The blog post is awesome. Note that it predates the optimization that you're observing at work. It was implemented in #13567 https://github.com/trinodb/trino/pull/13567, so Trino 394. I am not aware of any changes in this area between 419 and 426.
when I added my own custom metadata handling into hudi connector.
@vburenin https://github.com/vburenin i think we can consider the issue actionable, if there is a problem with vanilla Trino, without any custom modifications. Are you seeing a difference on vanilla Trino Iceberg connector between version 419 and 426? If so, can you please share output of EXPLAIN SELECT .. FROM your_table DATE (day_partition) >= Date_add('day', - 30, CURRENT_DATE) from both these versions?
— Reply to this email directly, view it on GitHub https://github.com/trinodb/trino/issues/19097#issuecomment-1727238888, or unsubscribe https://github.com/notifications/unsubscribe-auth/ABBGHKZ7V3GDWMSUBWBK263X3KTGJANCNFSM6AAAAAA462VSBM . You are receiving this because you were mentioned.Message ID: @.***>
I am certainly mistaken on the version it is introduced, I have dug out a symptom in a combination of hive(to read hudi, i had to mode hive connector)+google sheets connector that lead me to the reproduction of the issue in iceberg, but that is apparently not the root cause. I will update the bug description once I narrow my search down more.
Here is more info from the SQL explain that lead me to believe it is a problem of the predicated:
explain SELECT object_id FROM hudi_data.vburenin_dev.test_hudi WHERE date(day_partition) >= date_add('day', - 30, CURRENT_DATE) group by 1;
On 419 with hive connector and tiny mod to read hudi table:
│ day_partition := day_partition:string:PARTITION_KEY >
│ :: [[2023-08-21], [2023-08-22], [2023-08-23], [2023-08-24], [2023-08-25], [2023-08-26], [2023-08-27], [2023-08-28], [2023-08-29], >
│ created_at := created_at:bigint:REGULAR
On 426:
│ day_partition := day_partition:string:PARTITION_KEY
@vburenin yes this looks like lack of partition pruning for day_partition
in 426.
unfortunately, i don't know much about Hudi. Are you able to repro the problem with Iceberg, Hive or Delta? Then perhaps I might be able to help
if not, let me cc someone more knowledgable about Hudi -- @codope
@findepi on the exactly the same partitioned table, basically a hudi table copy into Iceberg EXPLAIN doesn't look promising:
day_partition := 325:day_partition:varchar >
:: [(<min>, 1), (2022, <max>)] >
Tested on 419 and 426. It appears like Hive connector is better equipped with partition pruning.
UPDATED: I can't use Hive connector anymore to query hudi tables on Trino 426
Updated problem statement.
It appears that there is a big difference in how hive, hudi and iceberg optimizers work. Running this query on the same table represented as hudi table and iceberg table gives very different optimizer output.

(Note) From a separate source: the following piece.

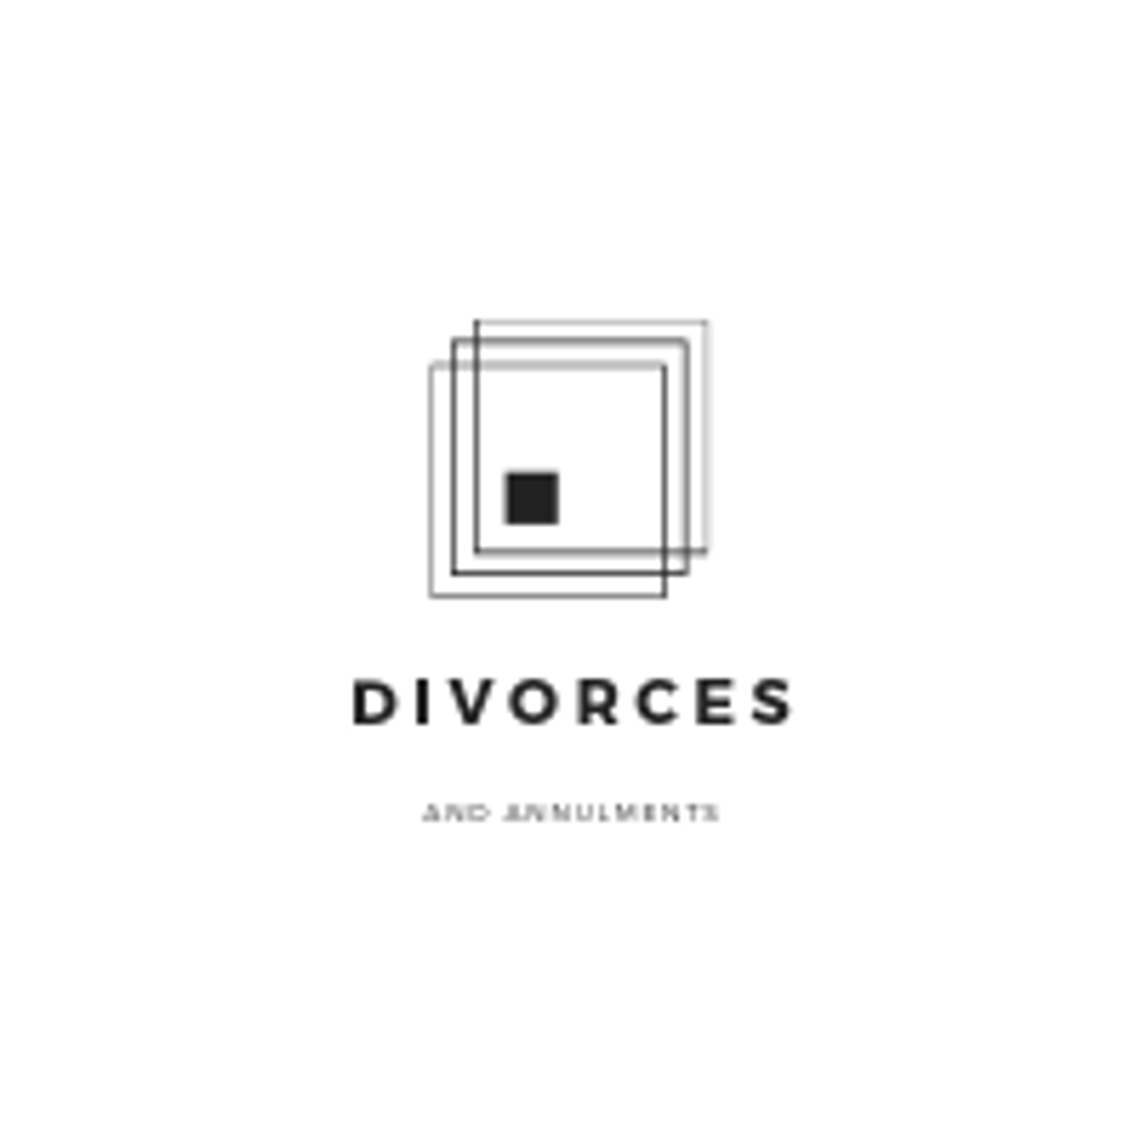 Divorces -- December 2019

Tables are partitioned by day_partition field that has a format 2023-09-15.
On 419 with hive connector and tiny mod to read hudi tables:
On 426 with Hudi connector:
On Iceberg for 419 and 426:
This particular behavior greatly affects the cost at the large scale due to more of LIST operations for Hudi and more of GetObject calls.
----------------------------------------------------
Original problem statement: I have a bunch of hudi and iceberg tables partitioned by varchar day_partition field in the following format: 2023-09-19 When I supply this WHERE condition: DATE (day_partition) >= Date_add('day', - 30, CURRENT_DATE) It appears that the filtering predicate is calculated incorrectly as it looks like this:
day_partition := 21:day_partition:varchar :: [(, 1), (2022, )]
The issue happened after Trino 419, I have run my tests on Trino 426.
Initially I spotted it when I noticed that Hudi connector is looking up too many partitions even though they are way out of scope.